> **To do**
The response should contain only the line with "Activités/entrepôt Poissy, 78300" and every line after it to the end of the listing below, duplicated exactly; no picture belongs in it.

> **Source data**

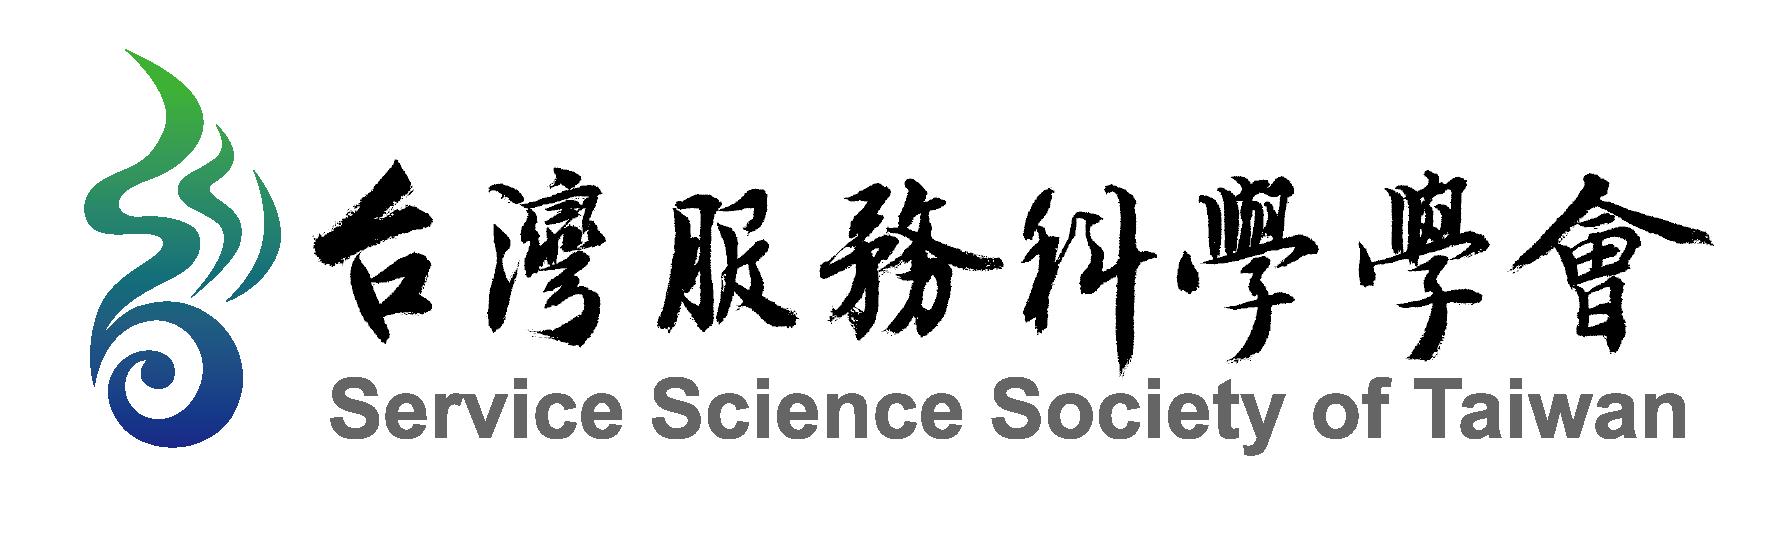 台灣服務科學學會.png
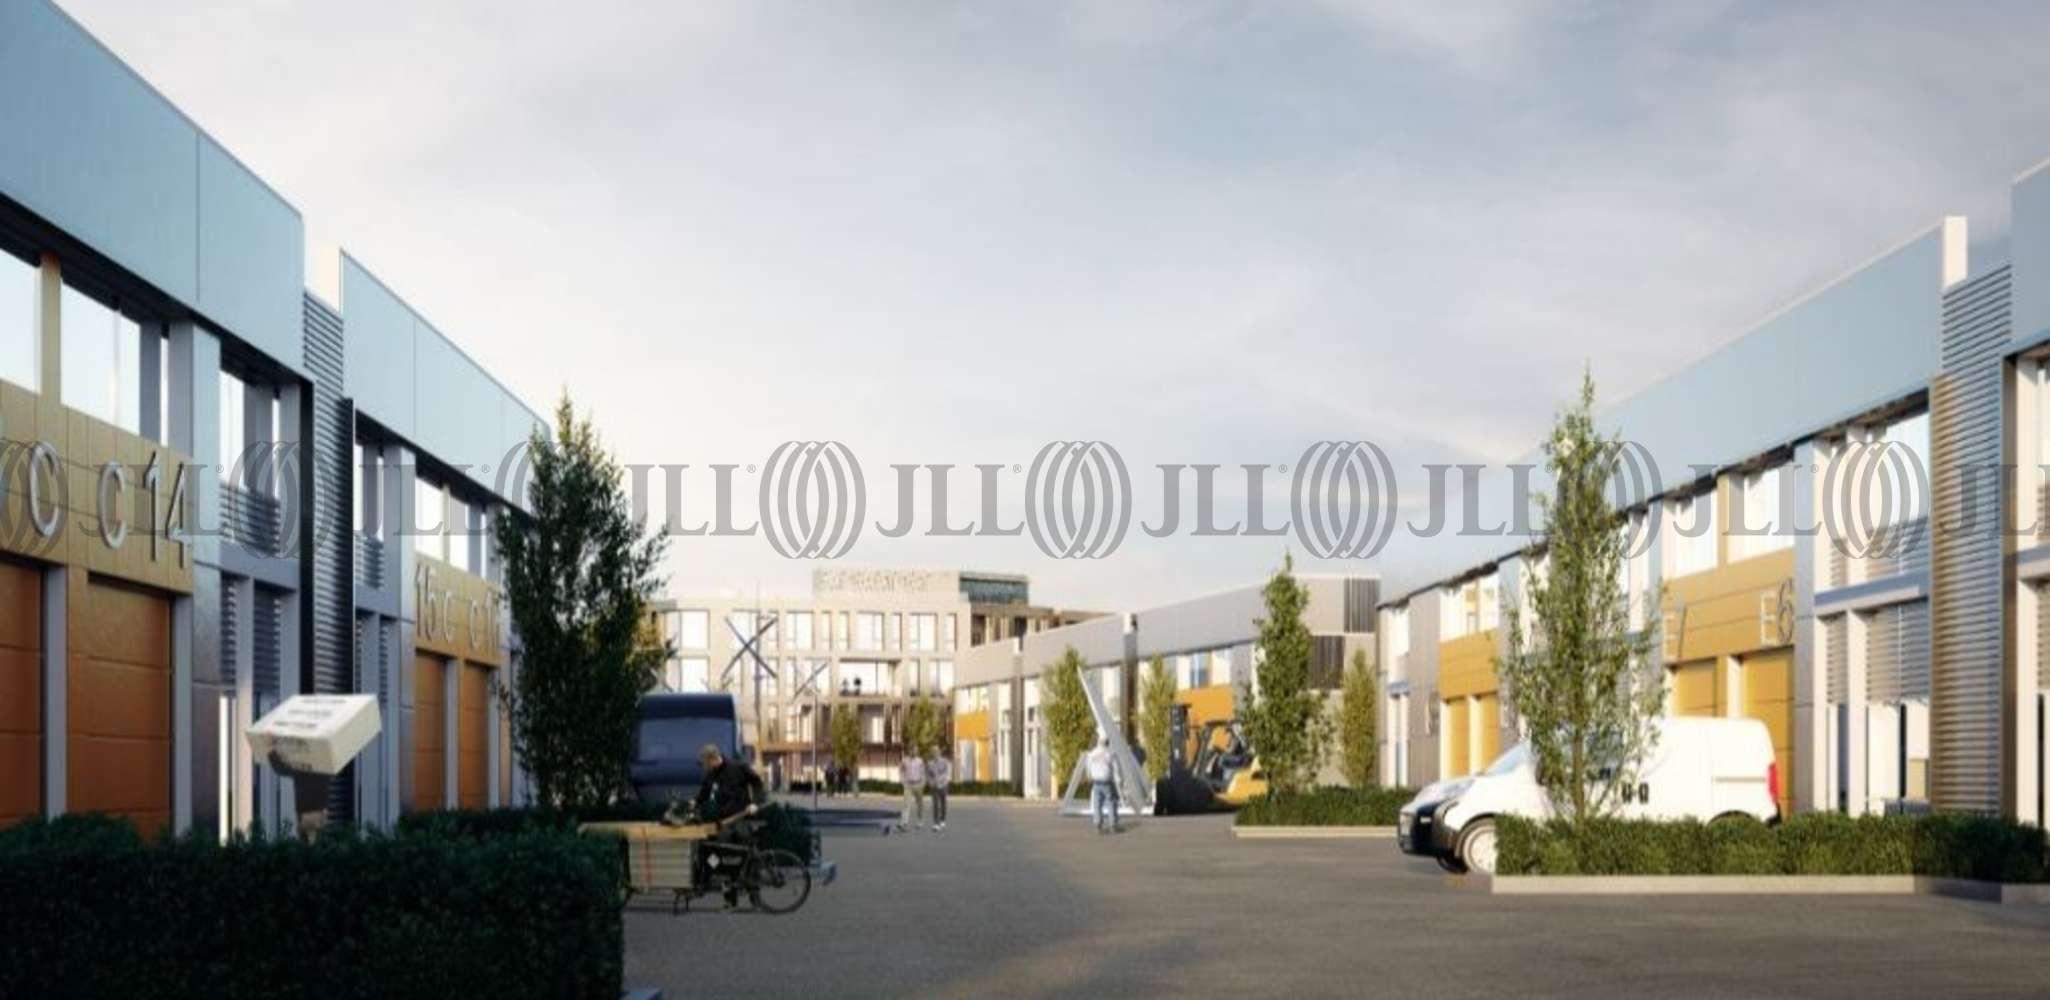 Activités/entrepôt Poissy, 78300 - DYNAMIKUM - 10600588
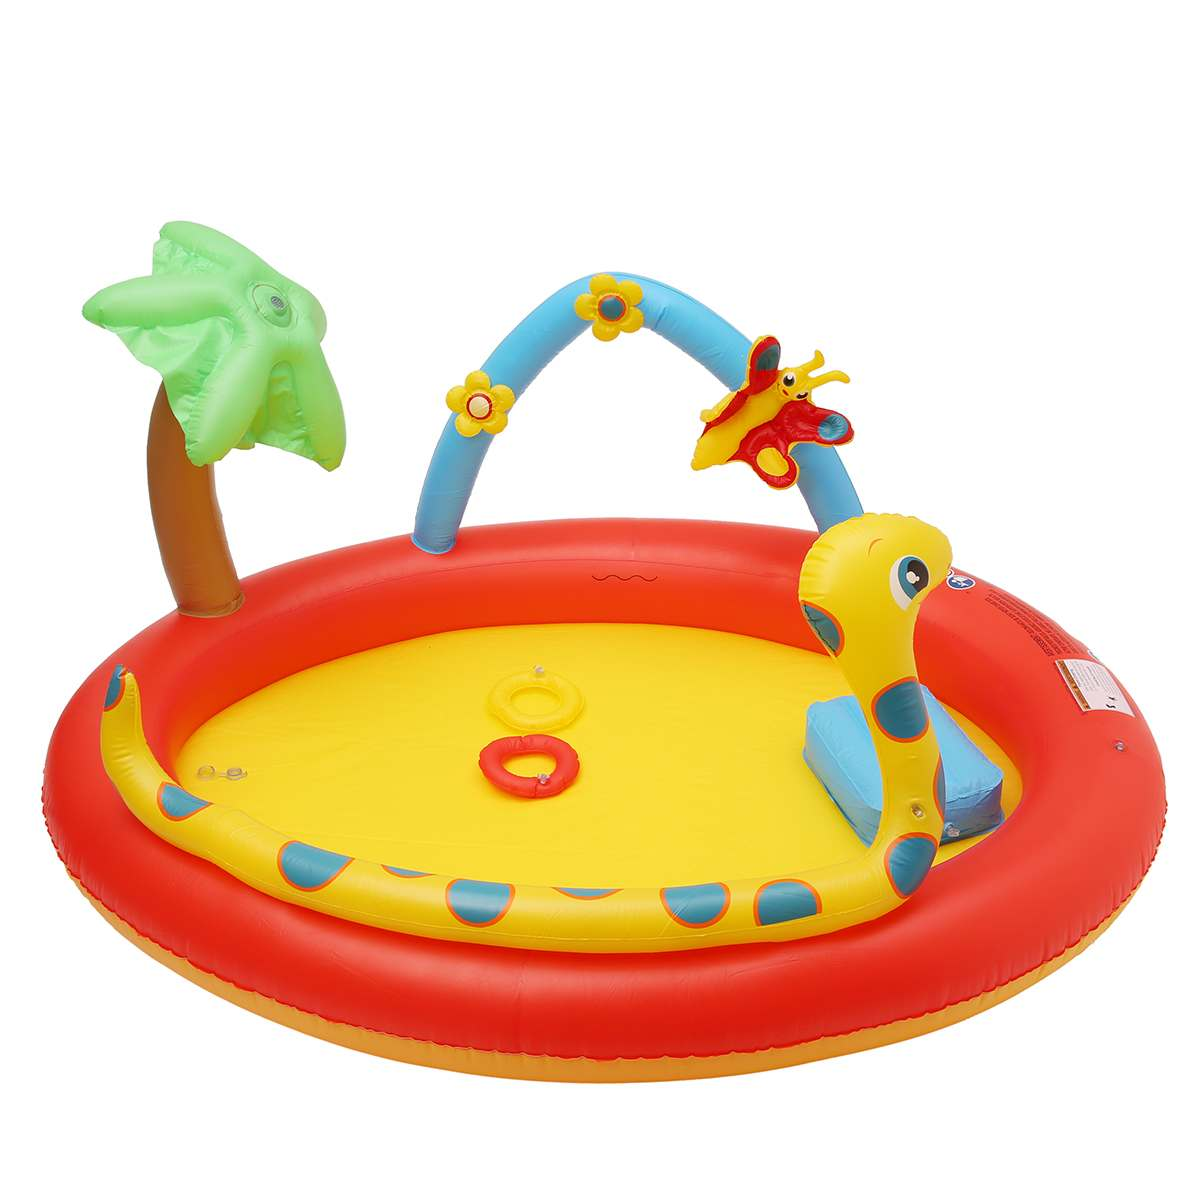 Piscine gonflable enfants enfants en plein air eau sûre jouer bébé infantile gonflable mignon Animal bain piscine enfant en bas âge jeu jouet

> **Reply to the task**
 Activités/entrepôt Poissy, 78300 - DYNAMIKUM - 10600588
 Piscine gonflable enfants enfants en plein air eau sûre jouer bébé infantile gonflable mignon Animal bain piscine enfant en bas âge jeu jouet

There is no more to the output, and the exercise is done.